Should we be thanking this gentleman then, instead of trying to lock him up?

 

As I say, we were going to put in place significant interventions anyway… what they would have been, I’m not quite sure. Because it didn’t happen.
But we did put in very firm restrictions. And that certainly was part of the decision-making… It concerned us enormously the fact that somebody could go into a pizza place and catch a disease. If that had been the case.

 

Are you across the detail of this modelling that was done, that was that we were told was also central to that decision?

 

Basically, yes.

 

Would you concur that you were “99 per cent sure” that we would have had more than 100 cases by Christmas, based on the modelling?

 

You would definitively not have said that from the modelling. The modelling, I think as I recall, said we’re 50 per cent likely to have 99 cases… by early December.

Models work with parameters, likelihoods… so there was a 5 per cent chance we would have had 200 cases [and] that sort of narrowed down to that 50 per cent, which is the best you can get out of a model.

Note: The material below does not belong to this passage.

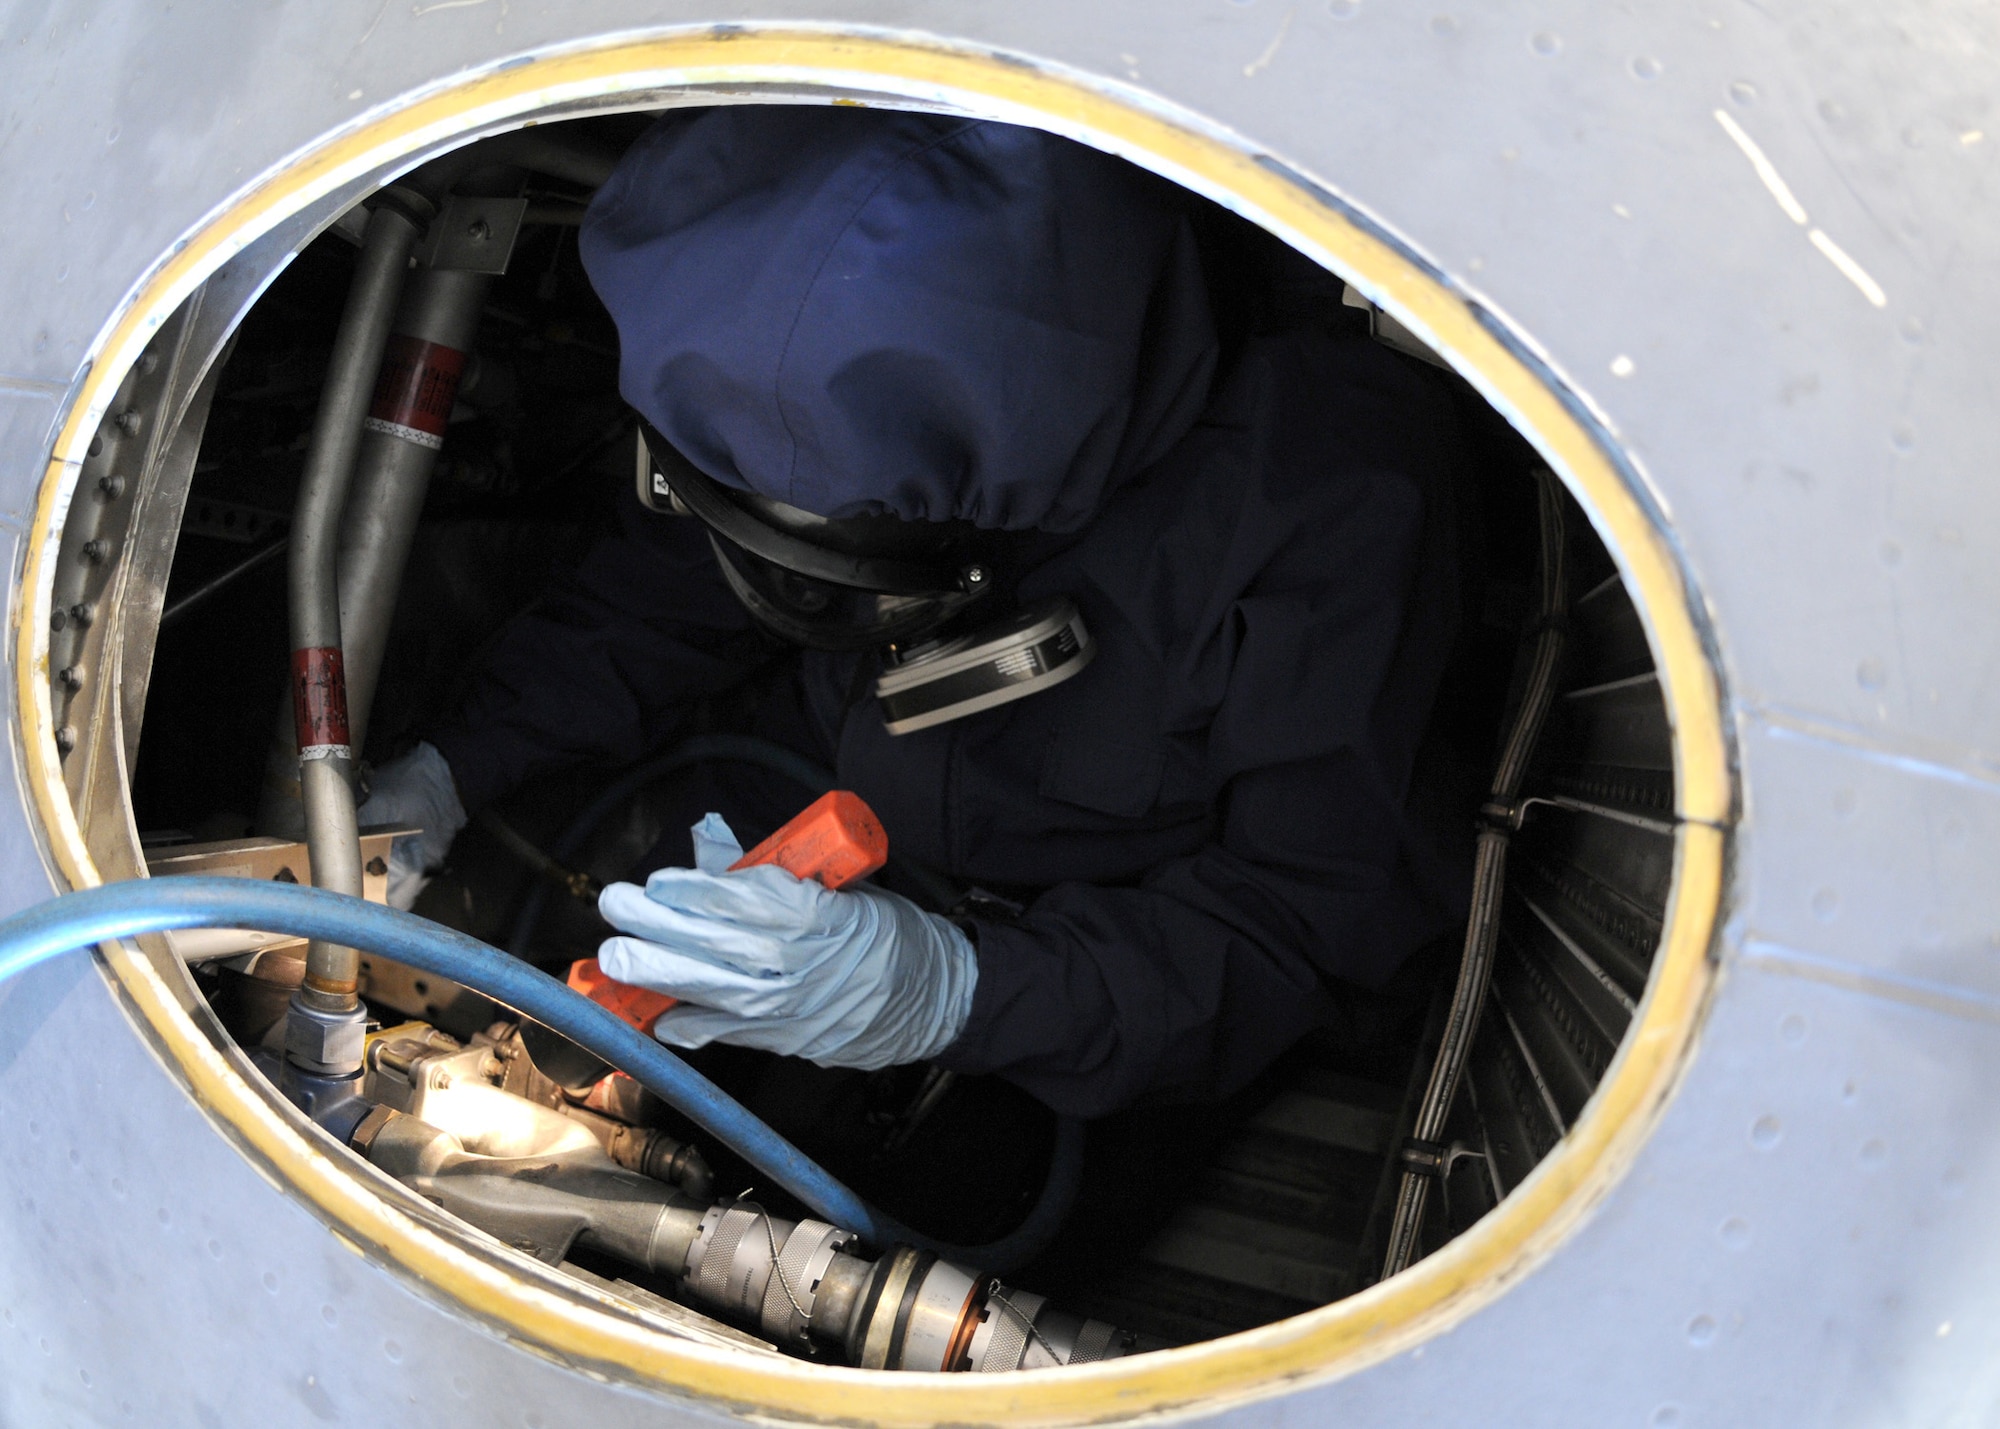 RAF MILDENHALL, England – Airman 1st Class Tracy Banks, 100th Maintenance Squadron fuels system repair apprentice performs a foreign object damage inspection inside the wing of a C-130 Sept. 24. The purpose of the inspection is to ensure all fuel areas and system components are serviceable so they are able to provide a safe, reliable, mission-ready aircraft. (U.S. Air Force photo/ Staff Sgt. Jerry Fleshman)

So I think, if I recall rightly, it was a 50 per cent likelihood to have 100 cases by the second week of December.

 

And that was based on that current trajectory?

 

 Yes. Getting these models right, obviously, the equations [and] assumptions all evolve over time, and so they get tighter and tighter.

 

What are the current models telling us?

 

To be honest with you, I haven’t looked at the current models. So it’s a balance of the model and what that data’s telling you, but also what’s actually going on on the ground and what the epidemiologists and the CDCB team are seeing – you know, where is this disease tracking and that sort of thing.

So the model might be saying [there’s] a 50 per cent likelihood of 100 cases in three weeks or whatever it was, but the epidemiologist might be seeing, you know, super-spreader events in a couple of places and we know it’s going to be worse… that’s not necessarily what we saw – there were some worrying things, but that wasn’t what we’ve seen.

 

So how are you feeling about it now? The media keeps asking the question about the champagne – what’s the ‘champagne status’ at the moment?

 

I do not drink champagne.

I think we’re quietly confident – I say, touching a piece of wood – that we’ve got this bagged up.

But we won’t be sure for another few weeks.

There were some ‘unknown unknowns’ – these things all turn on the ‘unknown unknowns’.

With the Lyell McEwin and those sort of outbreaks, there’s a small number of people who we say are ‘lost to follow-up’ – we haven’t been able to track them down. They’re very unlikely to have the disease, but who knows?

We’ve got to keep people getting tested, particularly if they’ve got symptoms – get them tested and then it’s detected as early as we can. Detecting this disease early was a great bonus for us… because it’s all about getting in front of the wave on this stuff.